Want More Students To Graduate? Don't Tell Them To Go To College, Bennett Says
State Superintendent Tony Bennett was in Greenfield this week discussing drop out rates with the Hancock County Graduation Task Force. His message? Not all students go to college, so stop teaching like they will.
Bennett’s remarks echo what Washington Post columnist Robert J. Sampson wrote earlier this week about the usefulness of a college degree:
The rap against employment-oriented schooling is that it traps the poor and minorities in low-paying, dead-end jobs. Actually, an unrealistic expectation of college often traps them into low-paying, dead-end jobs — or no job. Learning styles differ. ‘Apprenticeship in other countries does a better job of engaging students,’ says Lerman. ‘We want to diversify the routes to rewarding careers.’ Downplaying these programs denies some students the pride and self-confidence of mastering difficult technical skills, while also fostering labor shortages.
Sampson’s column has prompted several thoughtful responses on the future of post secondary education. We have to stop treating college-ready and career-ready as two distinct groups of students, writes Mandy Zatynski for The Quick & The Ed.
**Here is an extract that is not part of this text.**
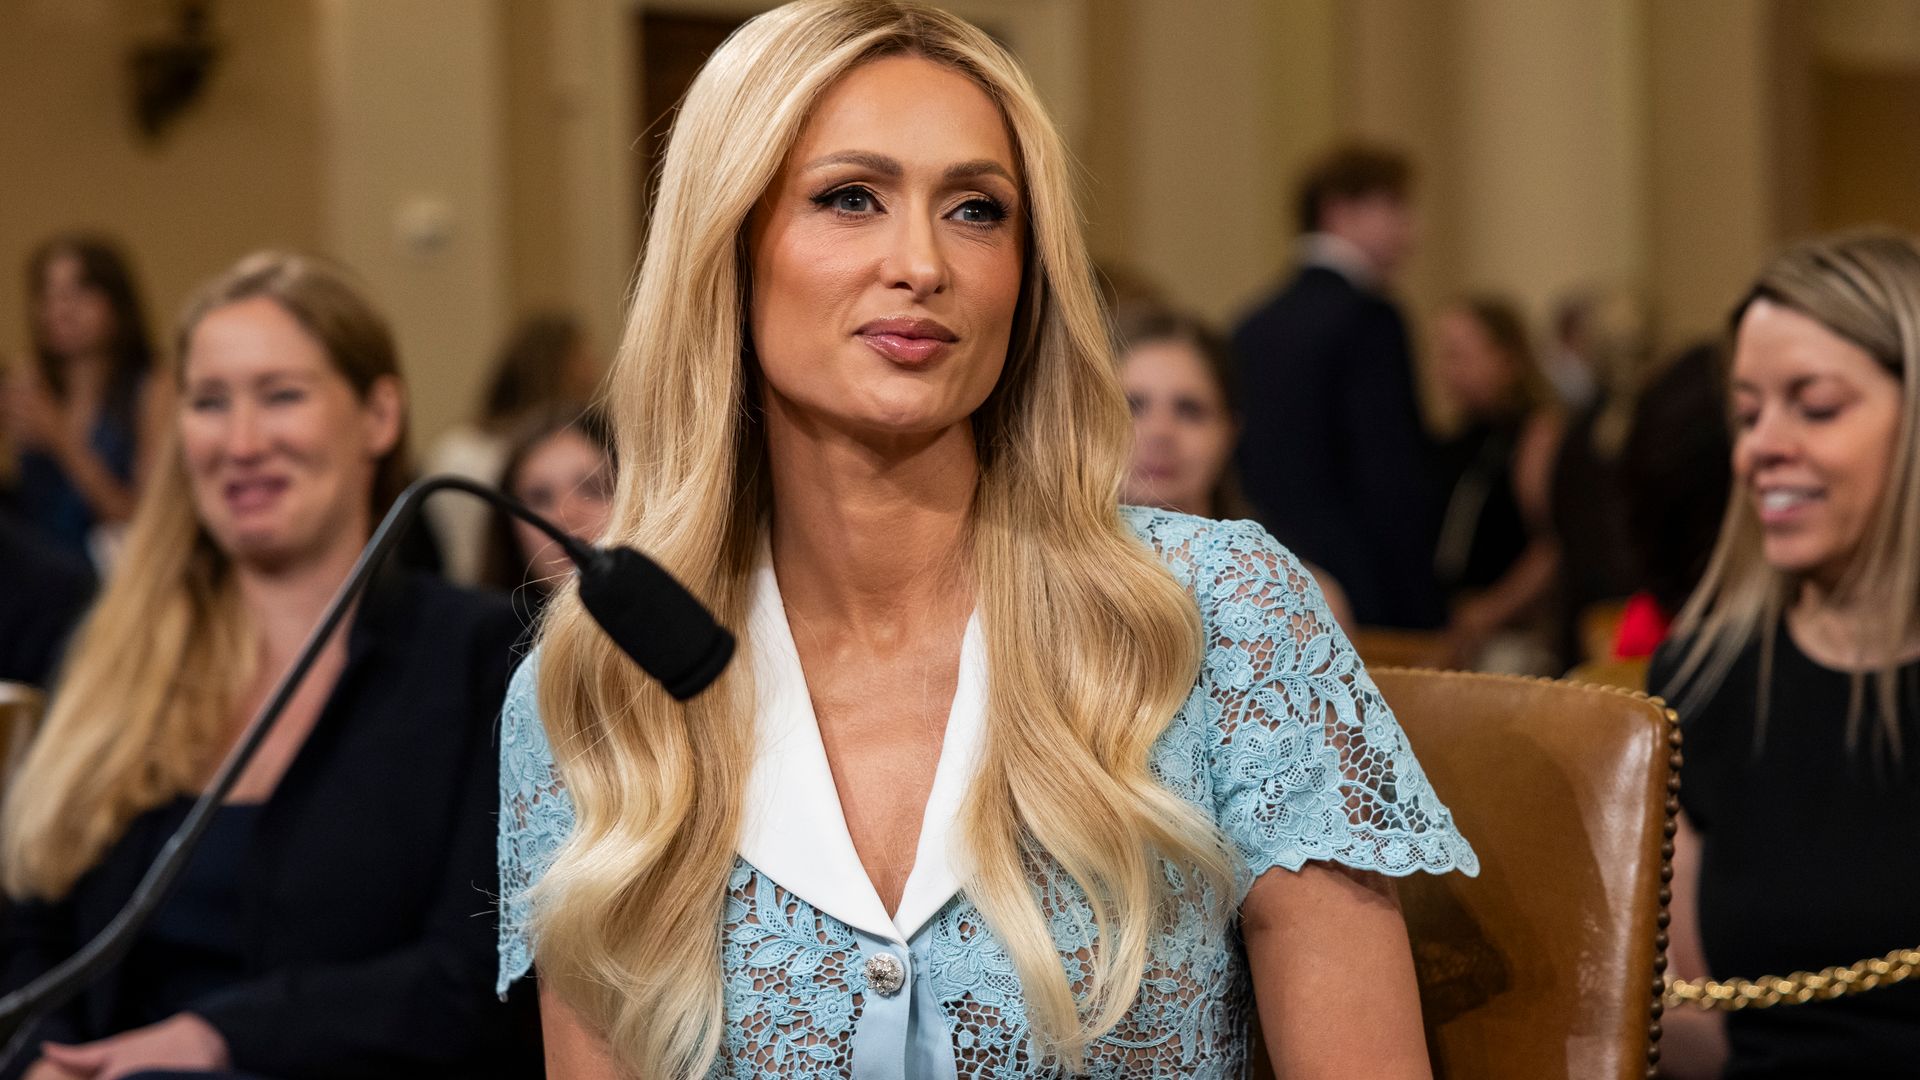 Paris Hilton appeared on Capitol Hill to advocate for foster children Wednesday, June 26.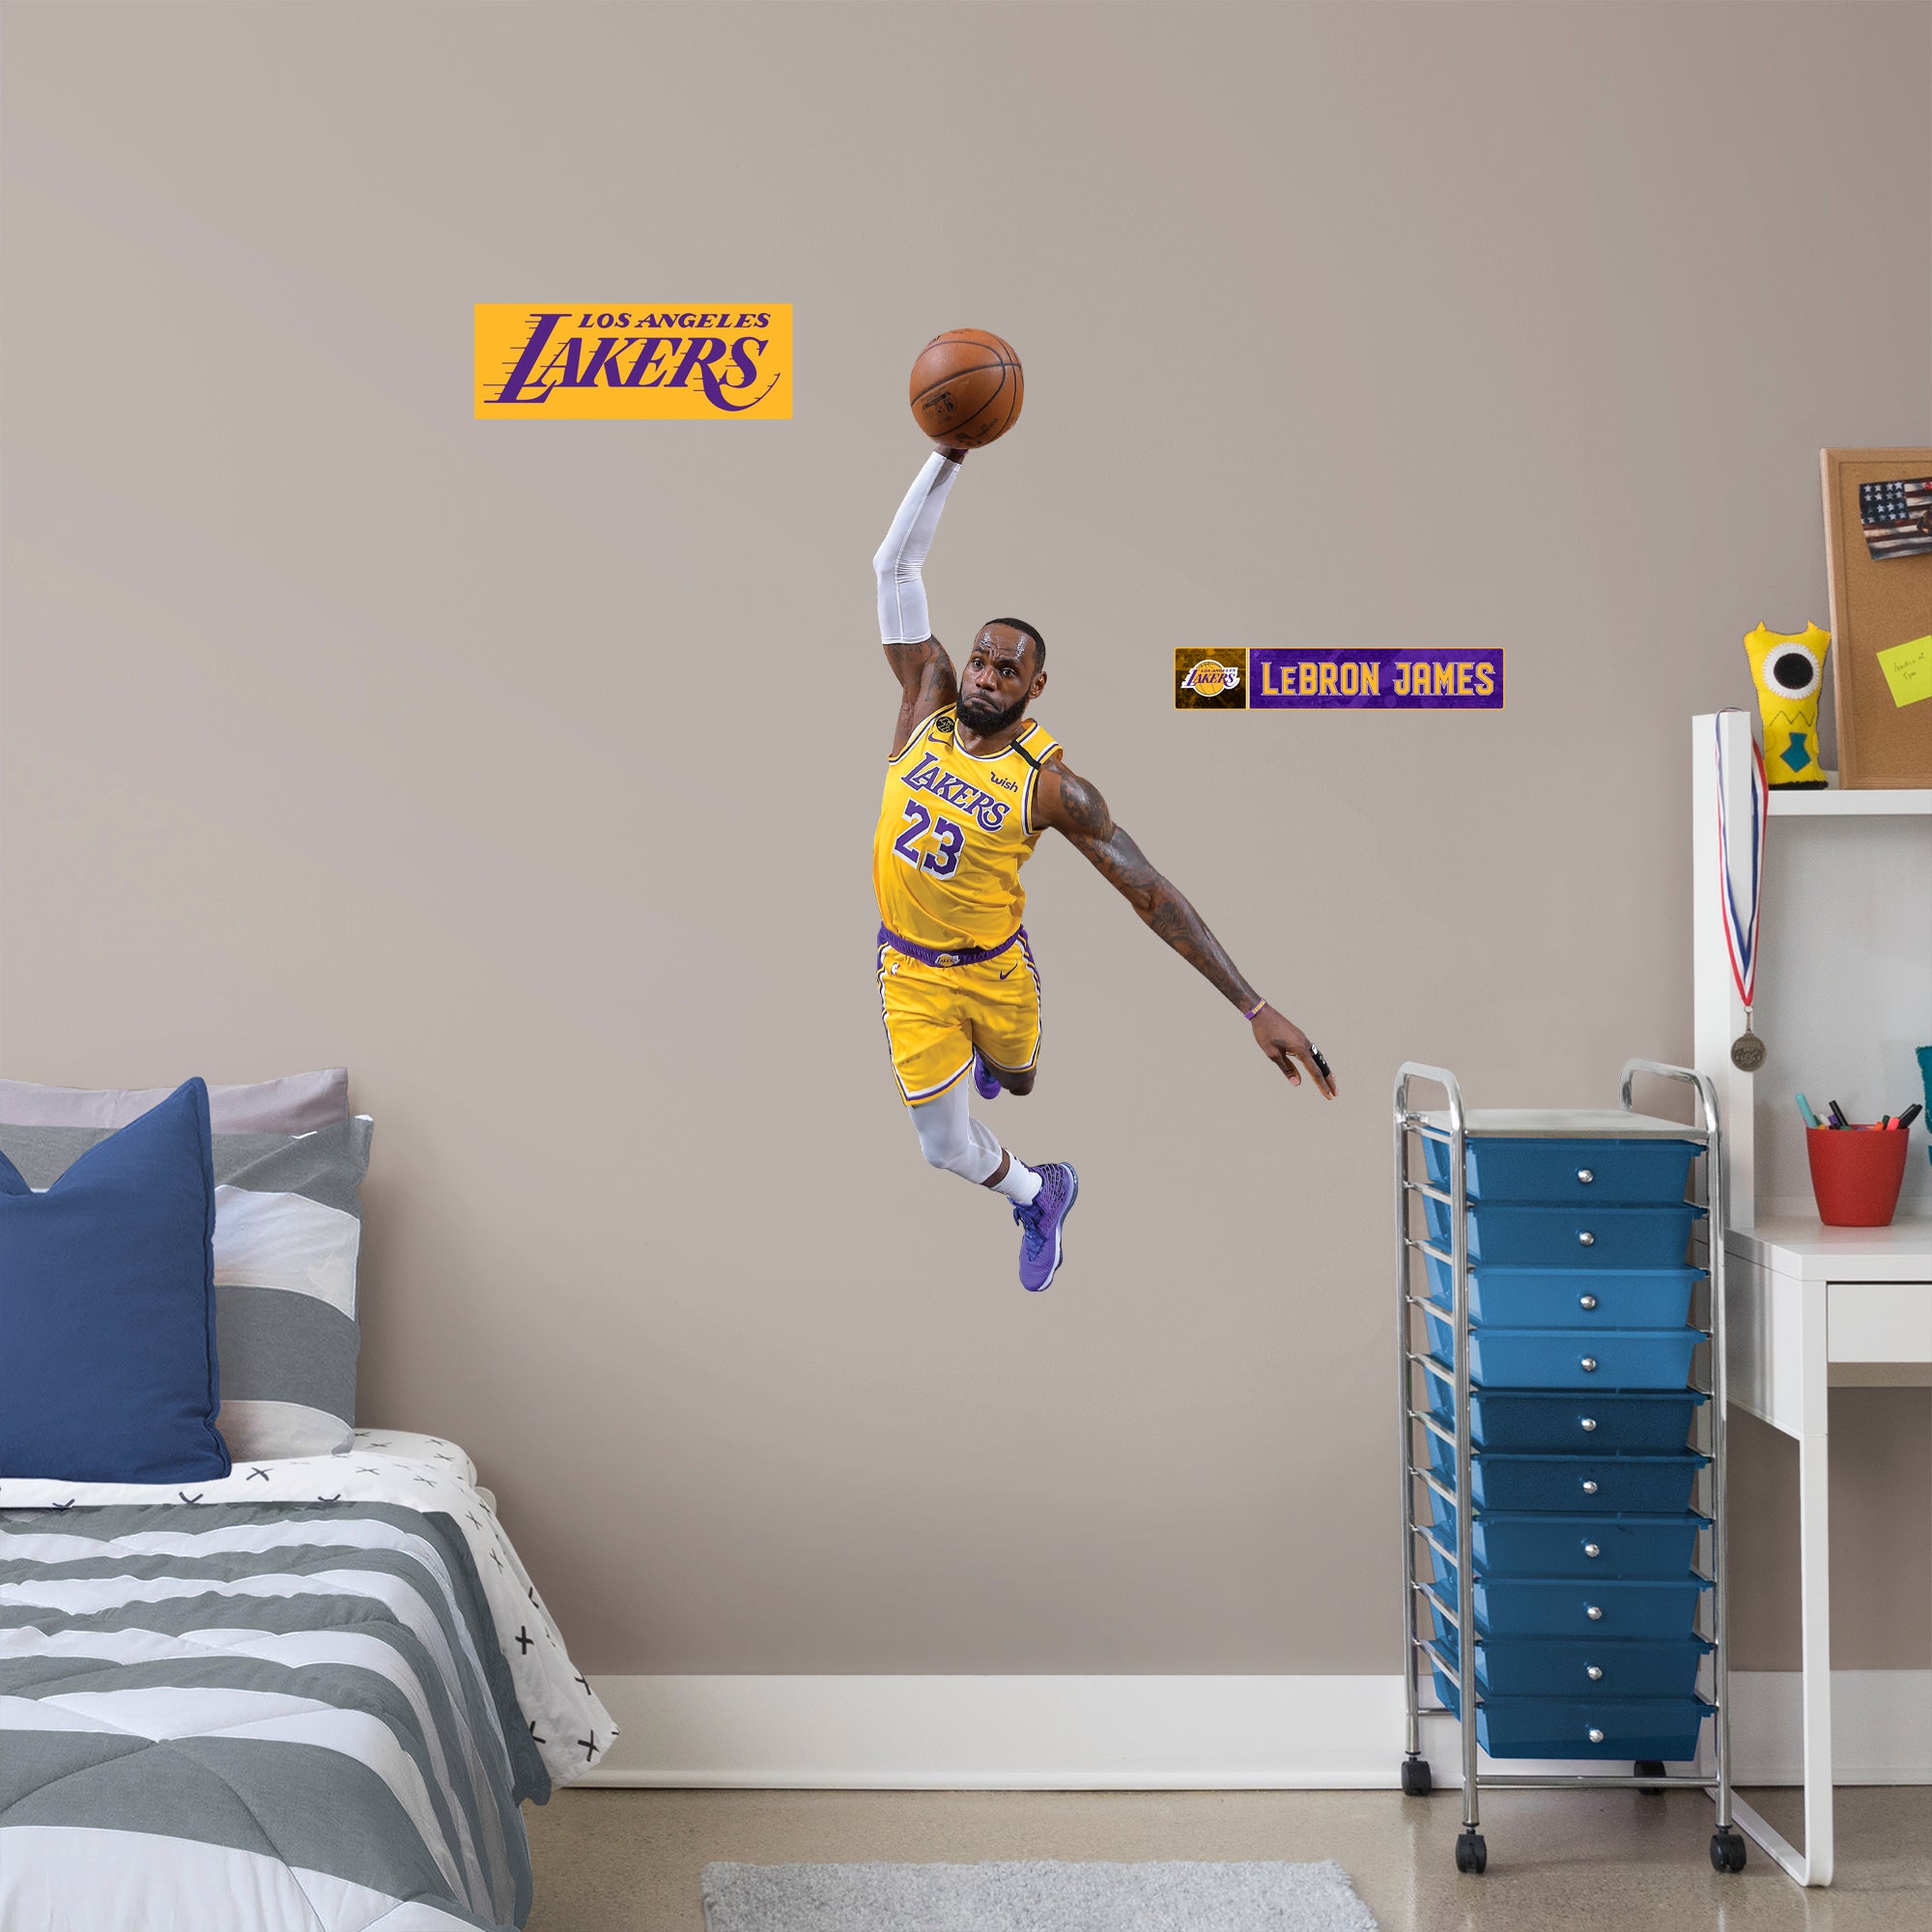 LeBron James for Los Angeles Lakers: Dunk - Officially Licensed NBA Removable Wall Decal Giant Athlete + 2 Decals by Fathead | V

“But too often, ‘college’ is trapped in the definition of a four-year degree,” Zatynski says. “Anything less than that carries a negative stigma, as though that education is somehow less — less substantive, less important — than a bachelor’s degree.”
That was Bennett’s message Wednesday when he spoke in Greenfield. He says that education leaders have made a mistake not talking more about how to help students who aren’t headed to college to get a four-year degree. Educators need to be more attentive to the needs of students who aren’t college-bound to keep them from dropping out, he added.
—Tony Bennett
About 85 percent of Indiana students graduated from high school in 2011, though not all of them passed the required end-of-course assessments before getting their diplomas. Bennett reminded the task force that 84 percent of Indiana third graders passed the IREAD-3 this spring.
“I can’t show you that’s 1-to-1 for every kid, but I can tell you that in most settings, we know that literacy at that level is a cornerstone to success later in life,” he told the Indiana Economic Digest.
Bennett has said he wants at least 90 percent of Indiana students to graduate on time.